TASK ::
Give back exactly the lines from the start of the listing to the line containing "to see and yo", inclusive, and nothing beyond them.

SUPPLIED RECORDS ::
——

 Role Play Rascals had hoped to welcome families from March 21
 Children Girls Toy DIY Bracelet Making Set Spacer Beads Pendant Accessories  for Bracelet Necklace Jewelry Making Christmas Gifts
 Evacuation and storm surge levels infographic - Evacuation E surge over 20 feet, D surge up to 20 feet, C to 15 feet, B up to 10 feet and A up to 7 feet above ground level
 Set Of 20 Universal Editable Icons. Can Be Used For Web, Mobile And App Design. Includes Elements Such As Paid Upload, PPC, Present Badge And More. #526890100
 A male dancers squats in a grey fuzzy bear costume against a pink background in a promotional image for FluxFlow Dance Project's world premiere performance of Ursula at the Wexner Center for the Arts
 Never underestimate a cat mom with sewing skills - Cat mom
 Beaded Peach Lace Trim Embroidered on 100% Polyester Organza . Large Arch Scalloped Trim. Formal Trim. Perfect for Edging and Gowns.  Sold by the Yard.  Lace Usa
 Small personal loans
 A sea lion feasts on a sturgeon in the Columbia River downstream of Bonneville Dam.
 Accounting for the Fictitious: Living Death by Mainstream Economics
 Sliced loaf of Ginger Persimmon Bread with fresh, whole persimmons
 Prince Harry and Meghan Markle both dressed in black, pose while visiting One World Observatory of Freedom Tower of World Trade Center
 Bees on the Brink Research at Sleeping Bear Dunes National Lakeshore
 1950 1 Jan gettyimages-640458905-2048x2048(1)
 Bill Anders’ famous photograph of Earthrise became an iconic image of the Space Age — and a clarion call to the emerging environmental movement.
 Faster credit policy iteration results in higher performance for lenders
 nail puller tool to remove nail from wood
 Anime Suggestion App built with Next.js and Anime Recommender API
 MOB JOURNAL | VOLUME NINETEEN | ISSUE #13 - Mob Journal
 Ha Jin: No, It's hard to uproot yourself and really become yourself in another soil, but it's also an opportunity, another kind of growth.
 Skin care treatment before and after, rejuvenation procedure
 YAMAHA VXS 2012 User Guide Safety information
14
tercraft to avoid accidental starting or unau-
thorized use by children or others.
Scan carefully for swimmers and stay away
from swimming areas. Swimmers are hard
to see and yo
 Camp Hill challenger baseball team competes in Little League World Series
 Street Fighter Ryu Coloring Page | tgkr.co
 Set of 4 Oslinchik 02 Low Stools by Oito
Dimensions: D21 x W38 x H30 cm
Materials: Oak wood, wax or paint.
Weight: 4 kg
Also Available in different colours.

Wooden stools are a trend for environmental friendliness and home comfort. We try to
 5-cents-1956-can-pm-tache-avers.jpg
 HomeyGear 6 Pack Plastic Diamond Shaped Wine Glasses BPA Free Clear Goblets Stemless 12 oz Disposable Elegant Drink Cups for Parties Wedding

——

WRITTEN REPLY ::
 Role Play Rascals had hoped to welcome families from March 21
 Children Girls Toy DIY Bracelet Making Set Spacer Beads Pendant Accessories  for Bracelet Necklace Jewelry Making Christmas Gifts
 Evacuation and storm surge levels infographic - Evacuation E surge over 20 feet, D surge up to 20 feet, C to 15 feet, B up to 10 feet and A up to 7 feet above ground level
 Set Of 20 Universal Editable Icons. Can Be Used For Web, Mobile And App Design. Includes Elements Such As Paid Upload, PPC, Present Badge And More. #526890100
 A male dancers squats in a grey fuzzy bear costume against a pink background in a promotional image for FluxFlow Dance Project's world premiere performance of Ursula at the Wexner Center for the Arts
 Never underestimate a cat mom with sewing skills - Cat mom
 Beaded Peach Lace Trim Embroidered on 100% Polyester Organza . Large Arch Scalloped Trim. Formal Trim. Perfect for Edging and Gowns.  Sold by the Yard.  Lace Usa
 Small personal loans
 A sea lion feasts on a sturgeon in the Columbia River downstream of Bonneville Dam.
 Accounting for the Fictitious: Living Death by Mainstream Economics
 Sliced loaf of Ginger Persimmon Bread with fresh, whole persimmons
 Prince Harry and Meghan Markle both dressed in black, pose while visiting One World Observatory of Freedom Tower of World Trade Center
 Bees on the Brink Research at Sleeping Bear Dunes National Lakeshore
 1950 1 Jan gettyimages-640458905-2048x2048(1)
 Bill Anders’ famous photograph of Earthrise became an iconic image of the Space Age — and a clarion call to the emerging environmental movement.
 Faster credit policy iteration results in higher performance for lenders
 nail puller tool to remove nail from wood
 Anime Suggestion App built with Next.js and Anime Recommender API
 MOB JOURNAL | VOLUME NINETEEN | ISSUE #13 - Mob Journal
 Ha Jin: No, It's hard to uproot yourself and really become yourself in another soil, but it's also an opportunity, another kind of growth.
 Skin care treatment before and after, rejuvenation procedure
 YAMAHA VXS 2012 User Guide Safety information
14
tercraft to avoid accidental starting or unau-
thorized use by children or others.
Scan carefully for swimmers and stay away
from swimming areas. Swimmers are hard
to see and yo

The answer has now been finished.